Savory rice and vegetable cakes are formed to celebrate a variety of holidays in Indonesian culture. Served with vegetables, meat, and side dishes, a yellow rice is usually used to form the beautiful layers. The color is to signify wishes of wealth and prosperity for the birthday individual.
Often times, each guest at a Chinese birthday party will receive a peach-shaped pastry filled with lotus paste. This tradition is especially acted out as a person becomes older. In Chinese literature, a peach signifies long life and immortality, what the person wishes for themselves as they age.
Cakes in british culture are often baked with symbolic objects mixed in. Items like a thimble or a coin are incorporated into the batter. The person that receives the piece with a coin is said to become wealthy and the person with the thimble is predicted never to marry.
Danish birthday cakes for adults consist of three layers alternating with cream, berries, custard, and any other mix-ins of your choosing. However, for children a kagemand or kagekone, a rolled out pastry, is decorated to look like a cake woman or cake man. Using chocolate, candy, and icing, the cake child is cut into pieces to enjoy while the children scream in mock fear and the birthday child nibbles on the head.
The African country does not have a specific birthday sweet that is generally served at birthday gatherings. However, kelewele is almost always served at the birthday celebration or for breakfast. The cooked, ripe plantains are spiced with ginger and pepper and is fried to a delicious golden brown.
Tortas consisting of fruit fillings and dried meringue layers are often served on birthdays in Chile. Lucuma, a tropical fruit that tastes of sweet custard, is a popular flavor for the fruit cream. At many Latin American birthdays, the child will bite into the cake without utensils after blowing out the candles and the friends around push their face into the frosting.
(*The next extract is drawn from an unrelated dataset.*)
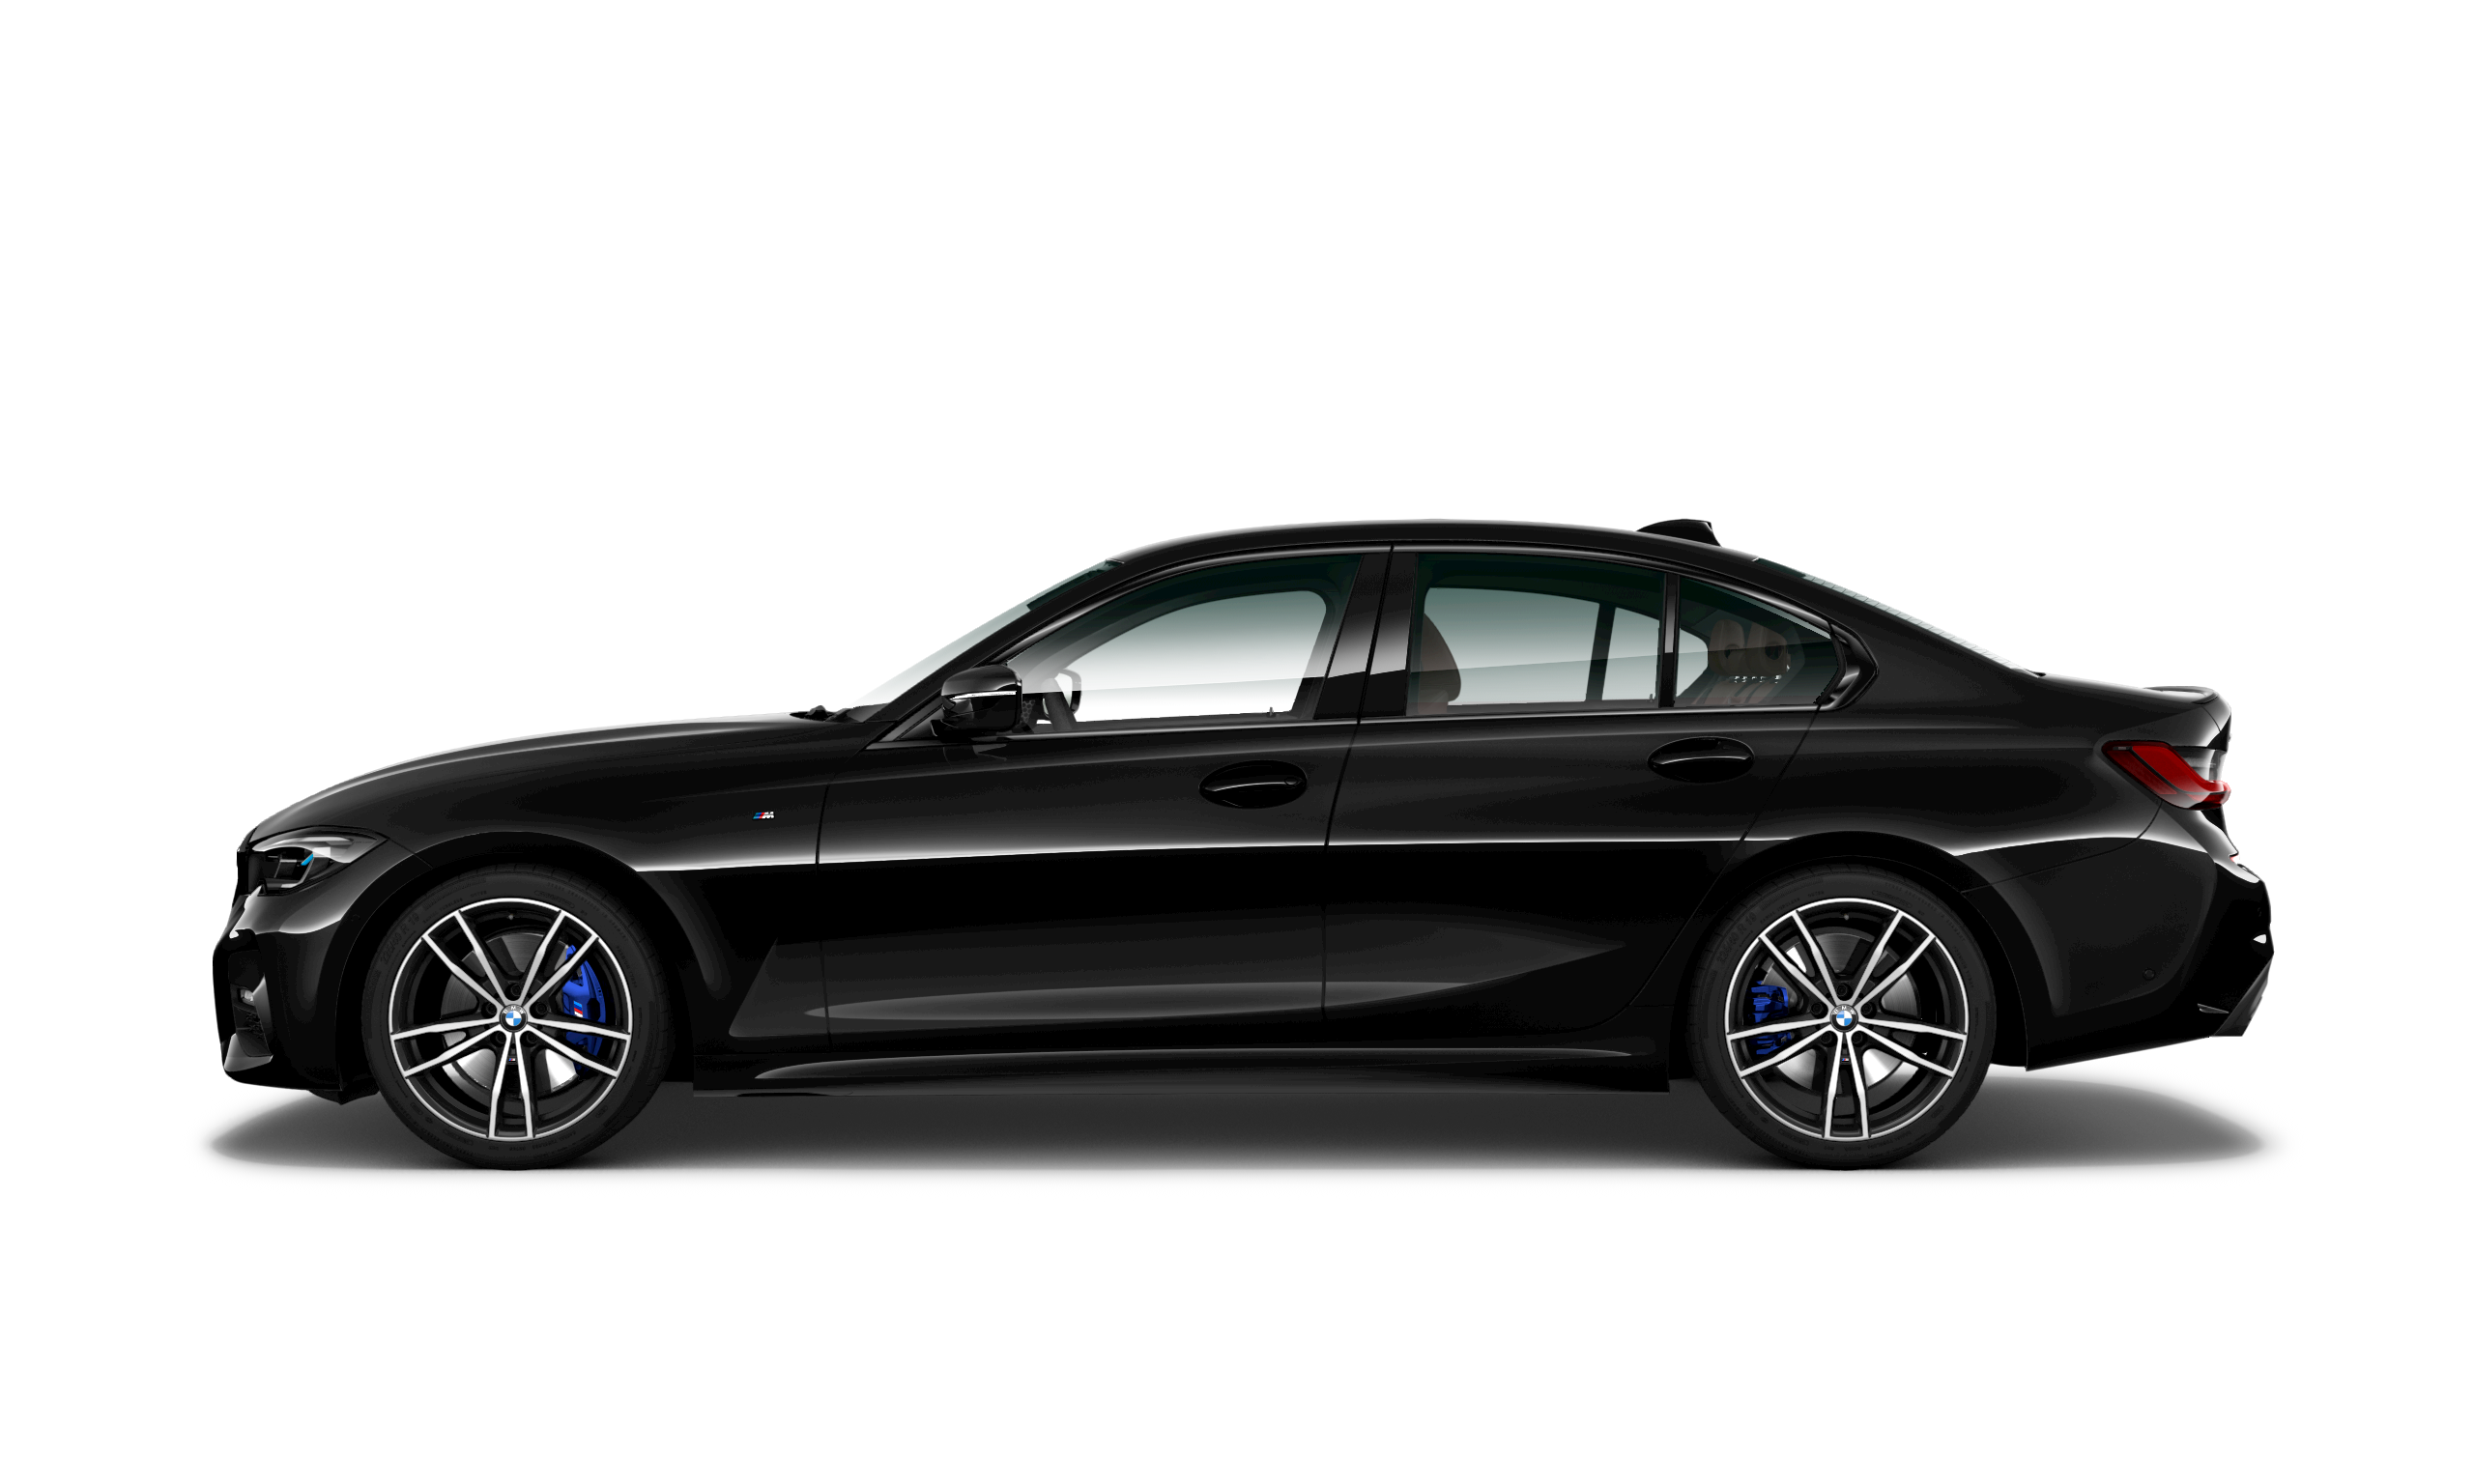 Bmw m sport pro. 520d XDRIVE M Sport Pure. BMW 320d XDRIVE. BMW 520d XDRIVE M Sport. BMW 530i XDRIVE M Sport Plus.

Given its history and location, Serbian cuisine harbors characteristics from Asian culture as well as Mediterranean countries such as Greece. One of their traditional cakes served often on birthdays is a good indicator of such influences. Vasa’s torte base is a rich, nutty orange cake that is then topped with a decadent walnut-chocolate mousse. The cake is covered in fluffly meringue cream and sprinkled with a zested orange and chopped nuts.